Blood-Curdling Screams From House Lead Police to Jaw-Dropping Sight
If you heard loud screaming coming from the house next door, what would you think was happening there? Toe-curling sex, obviously. Murder, monsters, mayhem! Could be anything -- but whatever it is, you'd better call the police. And then you'd better hang out on your front porch to find out what's going on, you know, just in case there's a serial killer on the loose or something. Not because you've got a prurient, voyeuristic interest in your neighbor's misfortune or anything. So what do you tell the neighbors when you find out the screaming next door was actually the joyful squealing of a pig?
And it just goes to show, sometimes the line between ecstasy and agony can be very thin indeed. I wonder if the pig wasn't also a bit tortured over which sow to mate with first. The hottie with the brown speckles running down her back? The vixen with gray bristles? Or the shy gal with the pink ears batting her long lashes? Welp, no hurry. There's time for all the ladieeeeez.

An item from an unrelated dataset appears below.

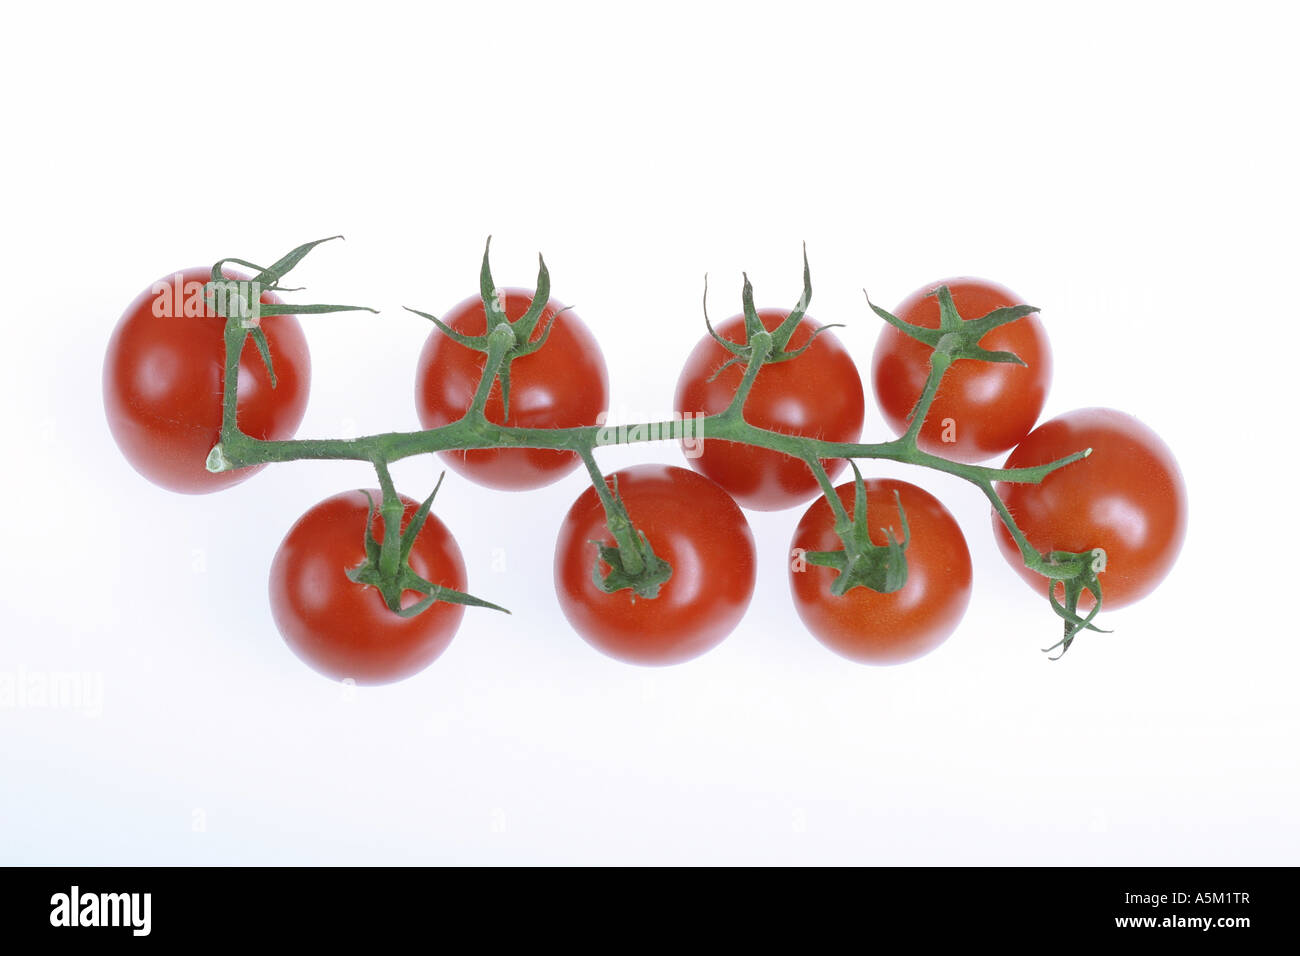 Les tomates de vigne sur fond blanc Banque D'Images

I'm glad to hear no one was in real danger. No tragedy in this story! For once. And all joking about nosy neighbors aside, aren't you glad someone was willing to call the police when she heard what sounded like domestic abuse? Instead of thinking, "Oh well, that's between Wilbur and Charlotte. None of my business," I mean. I'm as happy as a pig in mud after coming across this non-crime story.
What's the first thing you'd think if you heard screaming coming from a neighbor's house?